# Double stamp hood 8n 1947.



## Doug Tepe (Aug 30, 2019)

I have a 1947 8n which the ford emblem was double stamped on the left side of hood as you sit in the seat.
Has anyone ever seen this before?


----------



## Ultradog (Feb 27, 2005)

Doug Tepe said:


> I have a 1947 8n which the ford emblem was double stamped on the left side of hood as you sit in the seat.
> Has anyone ever seen this before?


There have been several companies that reppoped those hoods over the years. Maybe you have a mis stamped aftermarket hood. I really doubt Ford would have let that slip past quality control.
PS, cars, tractors, locomotives and ships are always left or right as you are sitting in the seat or control station.


----------



## Doug Tepe (Aug 30, 2019)

It’s original, been in family since bought new


----------



## pogobill (Jan 31, 2012)

If it's a '47, then it's a 2N. It's 72 years old.... perhaps it underwent some repairs in the past and received a new hood.
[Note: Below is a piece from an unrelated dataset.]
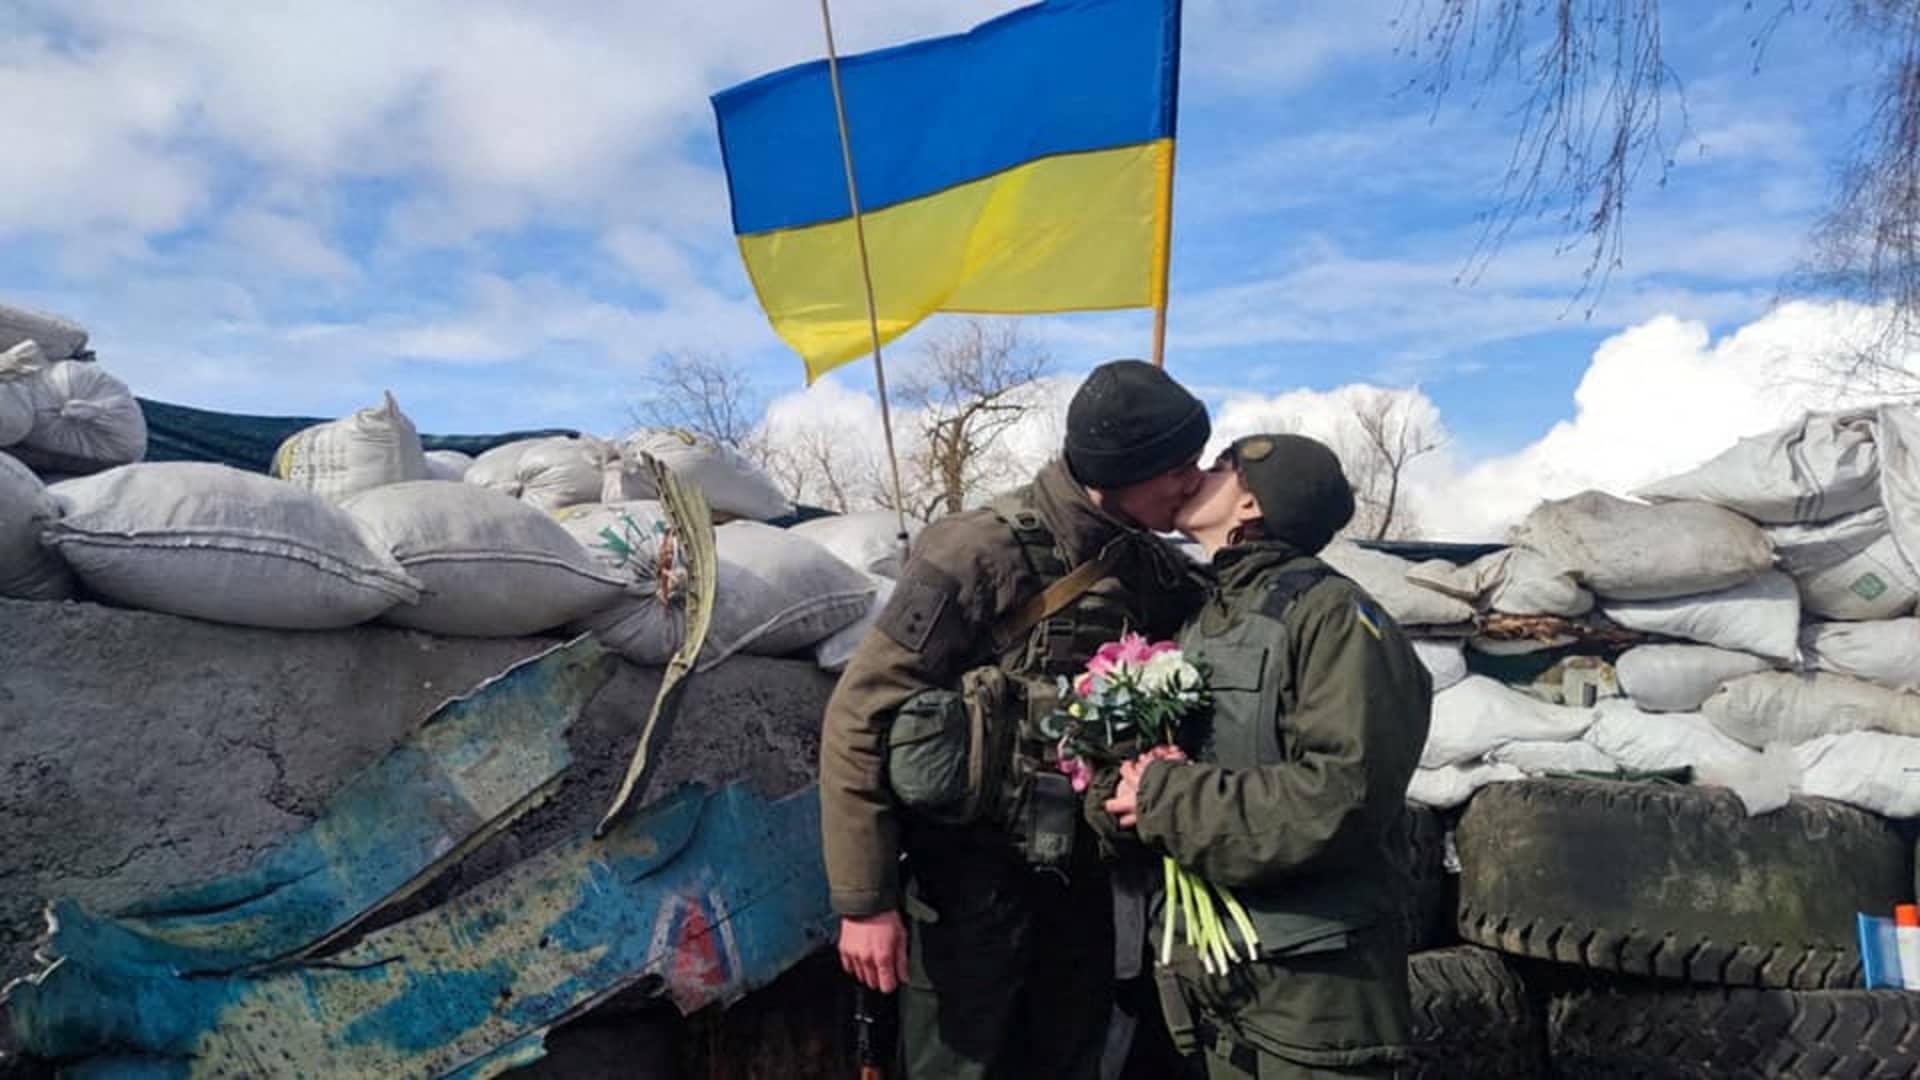 In Ukraine, war is turning love into marriages - CNBC
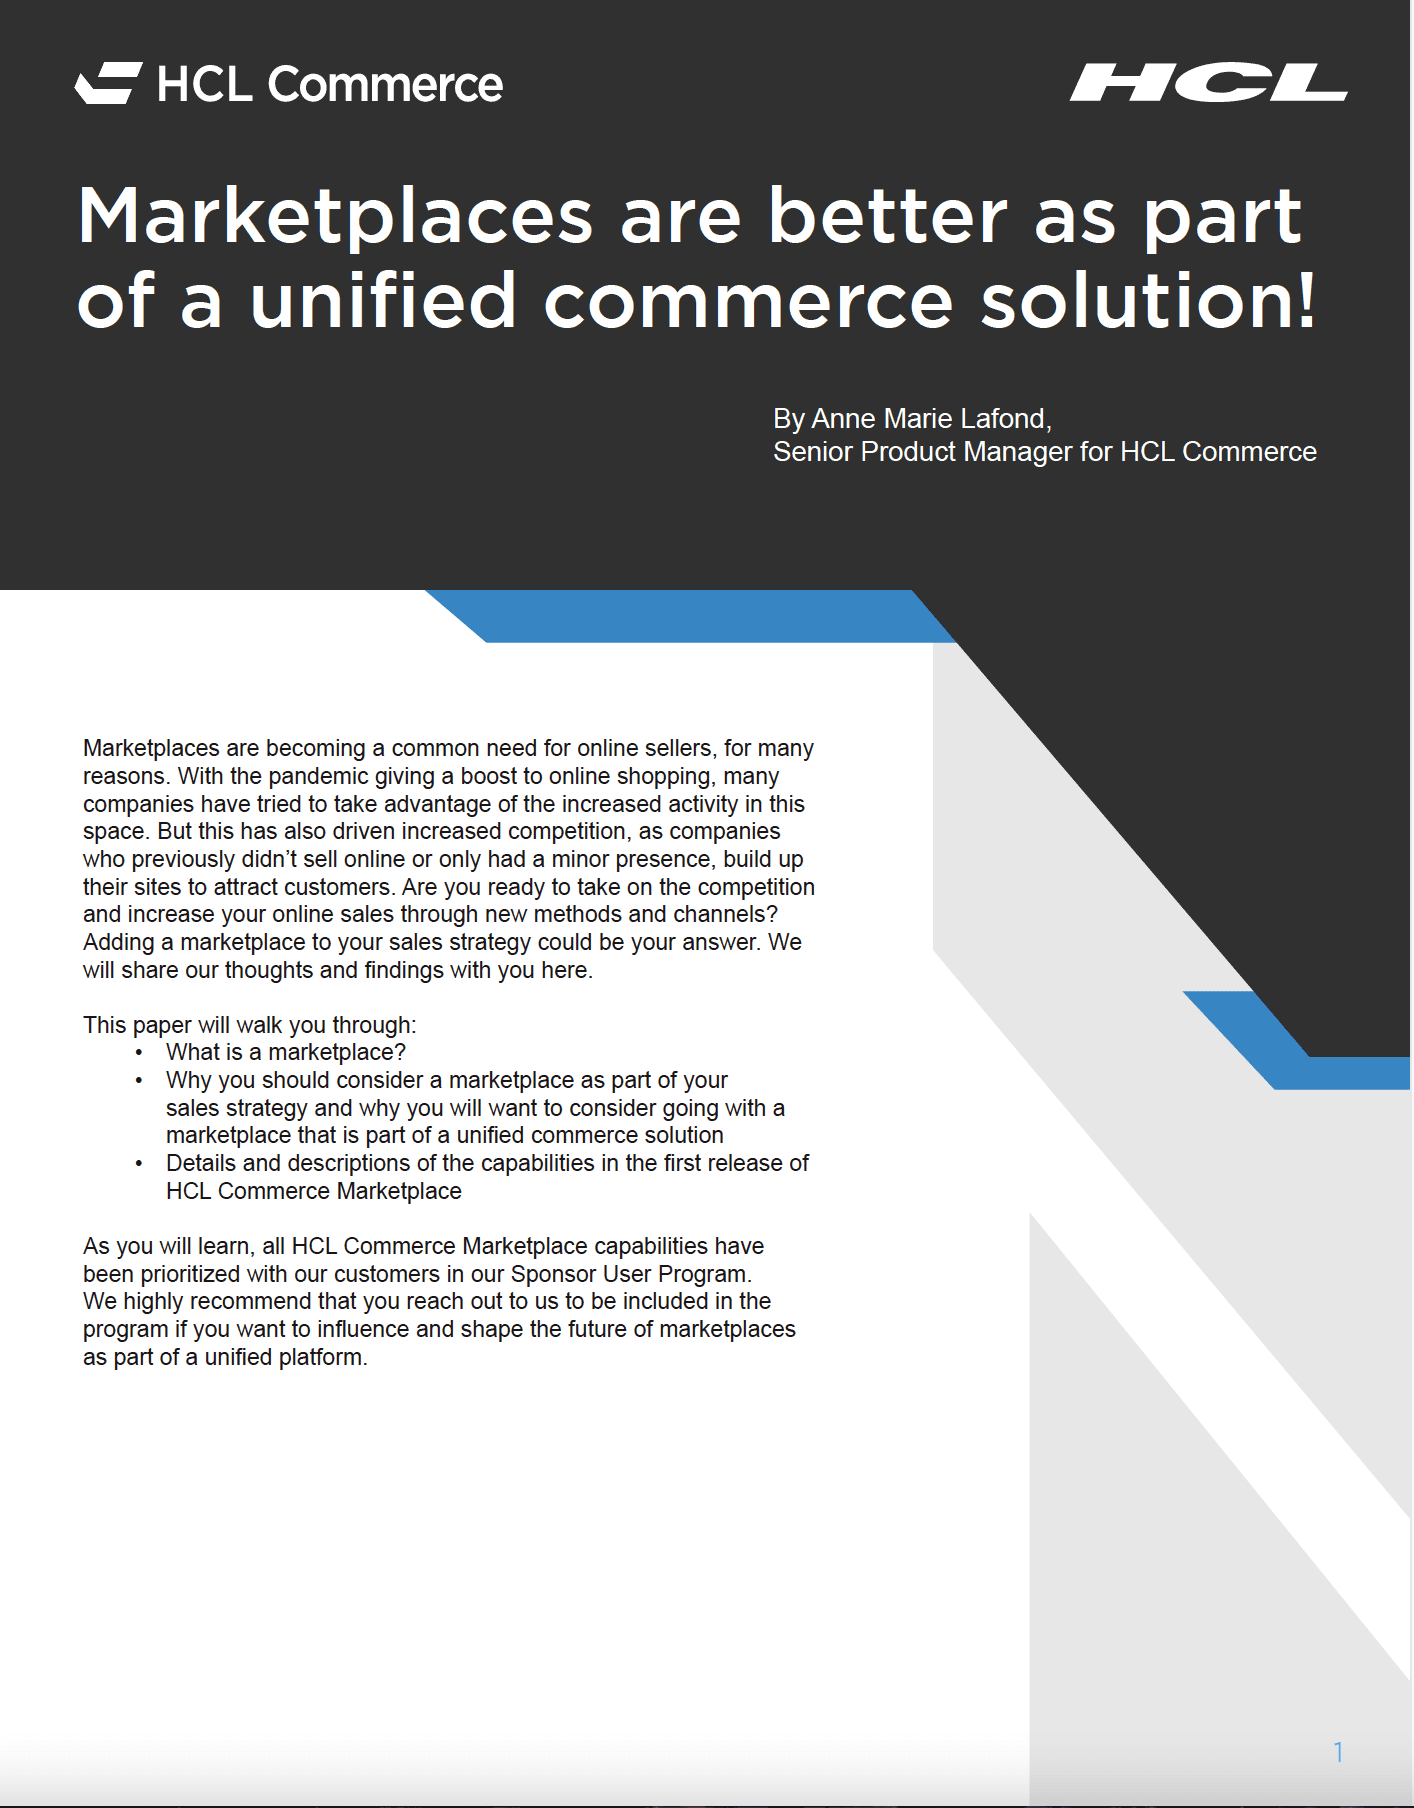 Marketplaces are better as part of a unified commerce solution

If that's not the case, you got a pretty interesting tractor there!


----------



## Ultradog (Feb 27, 2005)

Doug Tepe said:


> It’s original, been in family since bought new


You might ask the fellows over on ntractorclub.com
They know more about the N Series than just about anyone.
A 47 could be either a 2N or 8N as the 8Ns came out sometime mid year 1947  but were considered 48 models.
A 2N would not have the script on the hood.


----------



## Doug Tepe (Aug 30, 2019)

Ultradog said:


> You might ask the fellows over on ntractorclub.com
> They know more about the N Series than just about anyone.
> A 47 could be either a 2N or 8N as the 8Ns came out sometime mid year 1947 but were considered 48 models.
> A 2N would not have the script on the hood.


Yes


----------



## Doug Tepe (Aug 30, 2019)

Doug Tepe said:


> Yes


Yes it’s a late serial number and when I looked it up it fell in the 8n
I’ll ask the old folks but I’m positive it’s original, thanks for your help.
I tried posting a picture but not sure if that went through


----------



## JES2 (Feb 8, 2018)

Doug Tepe said:


> Yes it’s a late serial number and when I looked it up it fell in the 8n
> I’ll ask the old folks but I’m positive it’s original, thanks for your help.
> I tried posting a picture but not sure if that went through





Doug Tepe said:


> I have a 1947 8n which the ford emblem was double stamped on the left side of hood as you sit in the seat.
> Has anyone ever seen this before?


----------



## JES2 (Feb 8, 2018)

Doug Tepe said:


> I have a 1947 8n which the ford emblem was double stamped on the left side of hood as you sit in the seat.
> Has annyone ever seen this before?


If that 8N is still original the 1947 had a clutch linkage that was only on that year. It was a bolt and lever system. The bolt was the adjustment and the head would push against the lever on the clutch shaft. They changed it in 1948 to the standard linkage used from that time on.


----------



## 47ford (Oct 1, 2019)

I believe the 8N was made from 1947 to 1952
The 8N has a 4 speed transmission, 2 and 9n have 3 speed transmission, 1947 8N has a front mount distributor, I have one I just finished an engine rebuild on


----------